Data to use START
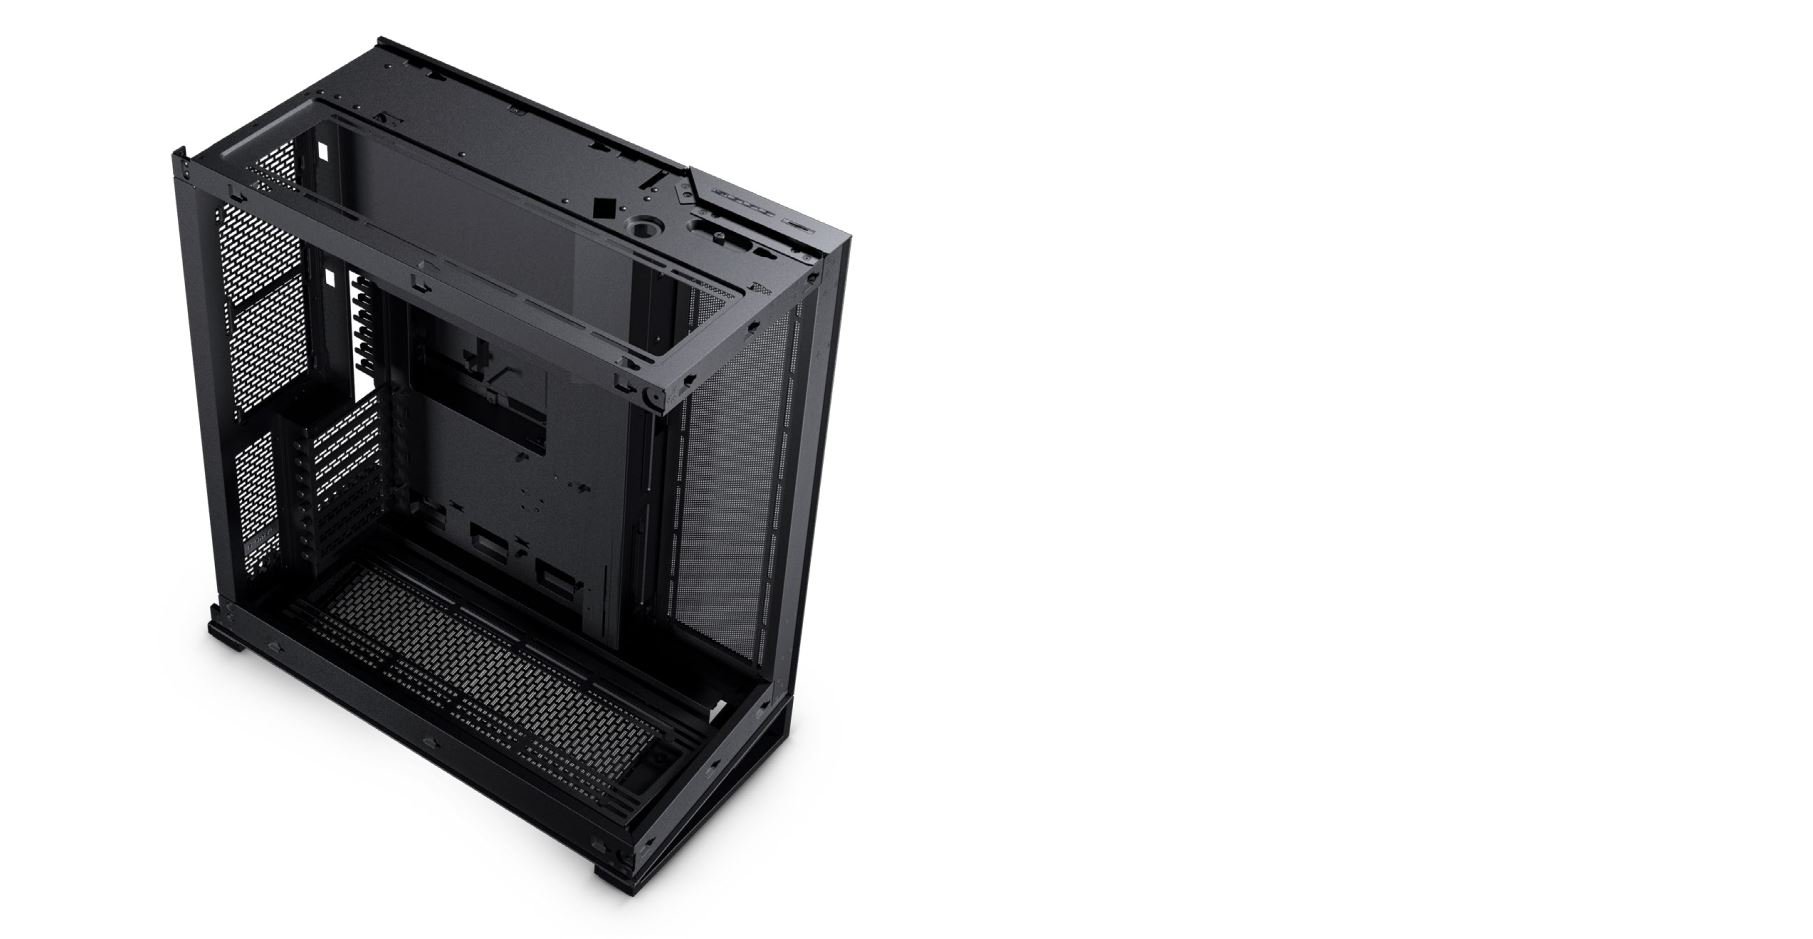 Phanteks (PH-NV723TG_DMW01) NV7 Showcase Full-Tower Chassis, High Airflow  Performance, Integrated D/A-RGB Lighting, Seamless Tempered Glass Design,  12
Data to use END
Data to use START
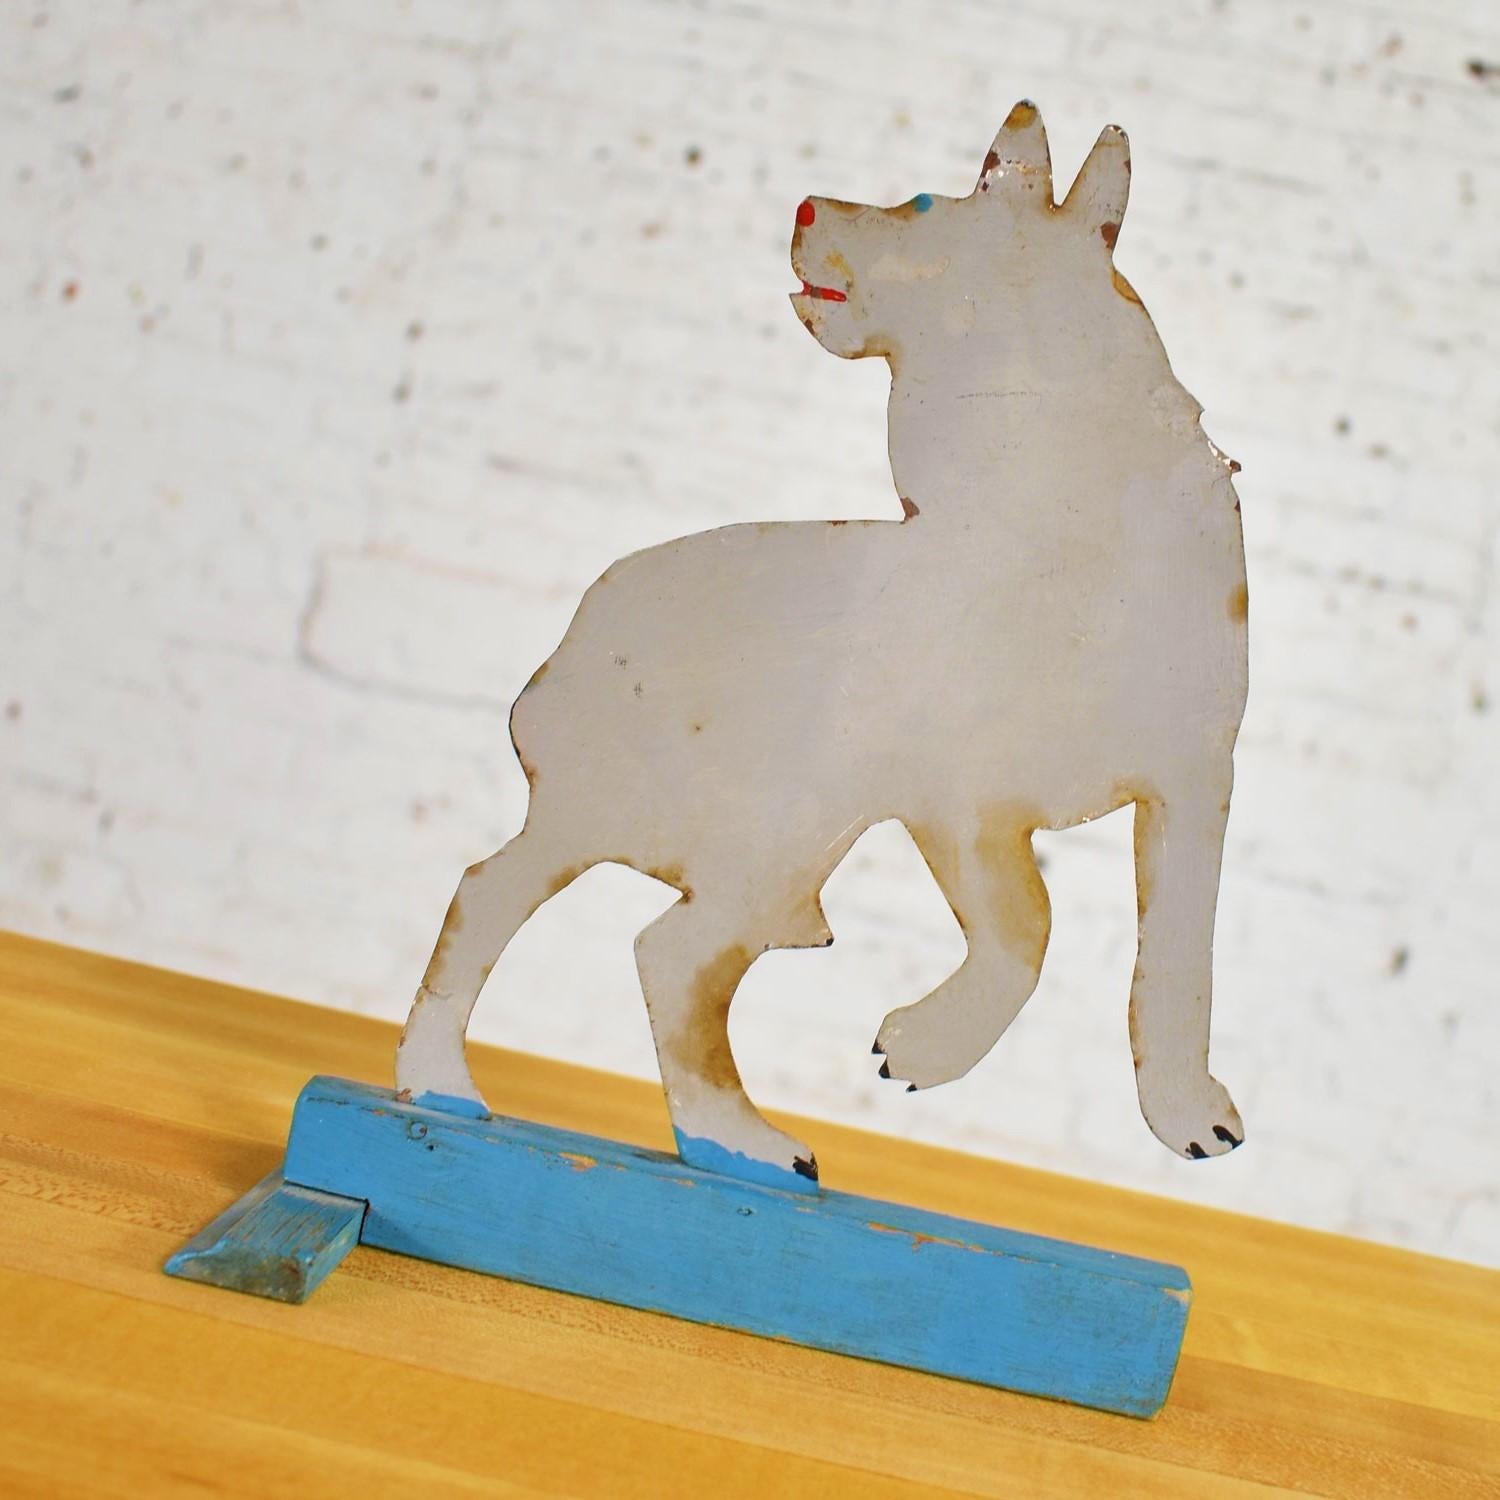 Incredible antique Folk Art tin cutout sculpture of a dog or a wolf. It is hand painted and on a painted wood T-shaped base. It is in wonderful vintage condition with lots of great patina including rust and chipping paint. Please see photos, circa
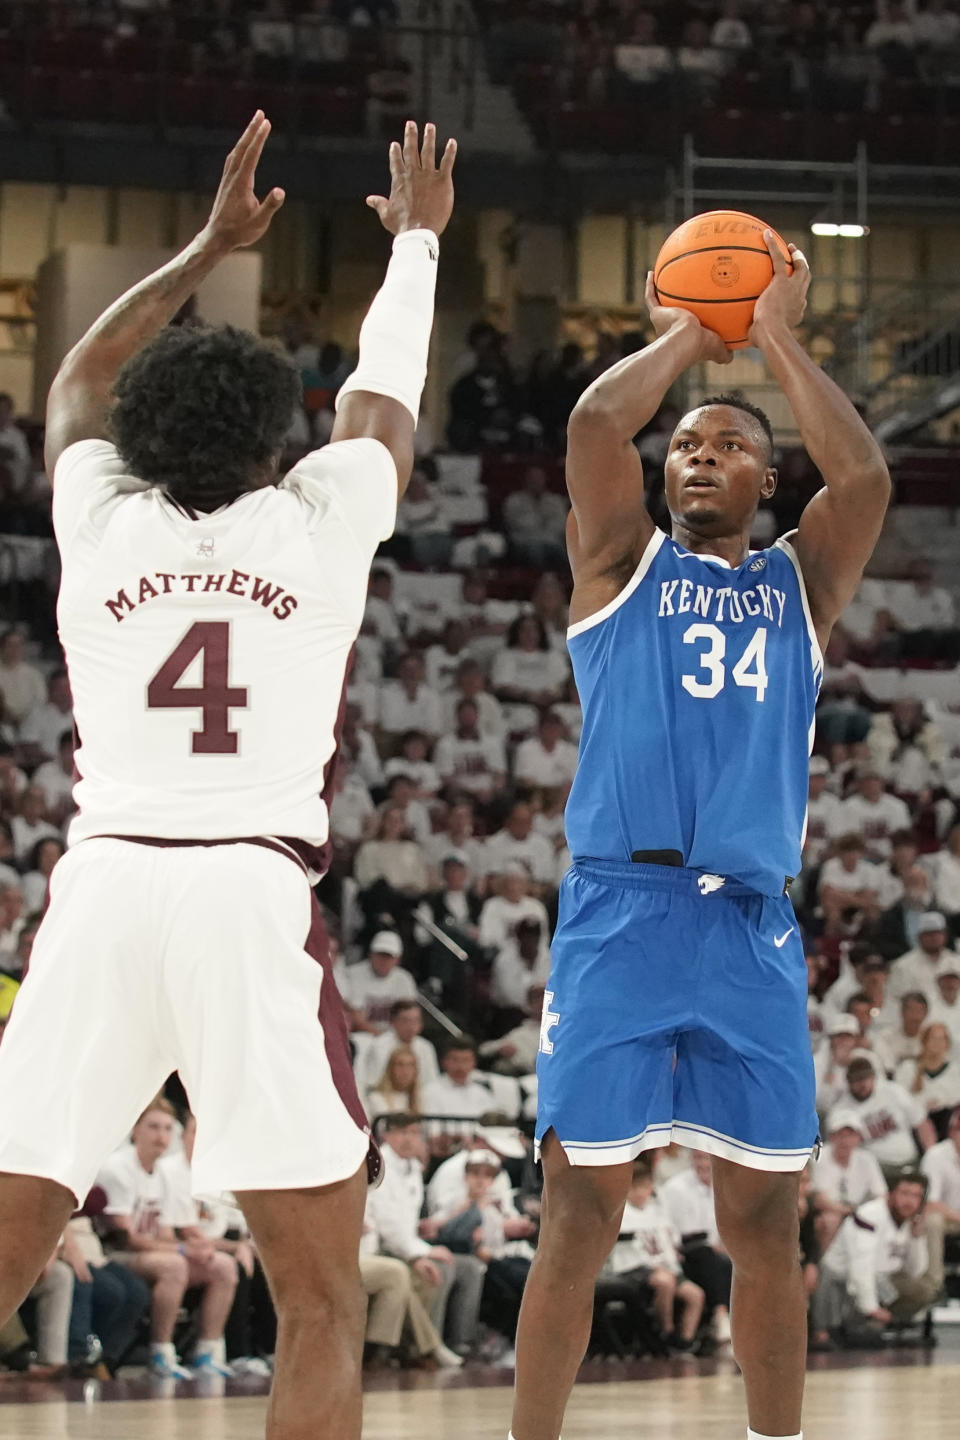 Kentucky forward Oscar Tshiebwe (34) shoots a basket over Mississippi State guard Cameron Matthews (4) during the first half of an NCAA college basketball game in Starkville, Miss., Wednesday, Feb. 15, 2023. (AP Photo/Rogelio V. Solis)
Data to use END
Data to use START
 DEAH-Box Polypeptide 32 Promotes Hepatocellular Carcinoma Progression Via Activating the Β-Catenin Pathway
Data to use END
## What you should do
Set down word for word the lines above from the one with "Incredible antique Folk" up to and including the one with "Kentucky forward Oscar". Omit every picture.

## Response area
 Incredible antique Folk Art tin cutout sculpture of a dog or a wolf. It is hand painted and on a painted wood T-shaped base. It is in wonderful vintage condition with lots of great patina including rust and chipping paint. Please see photos, circa
 Kentucky forward Oscar Tshiebwe (34) shoots a basket over Mississippi State guard Cameron Matthews (4) during the first half of an NCAA college basketball game in Starkville, Miss., Wednesday, Feb. 15, 2023. (AP Photo/Rogelio V. Solis)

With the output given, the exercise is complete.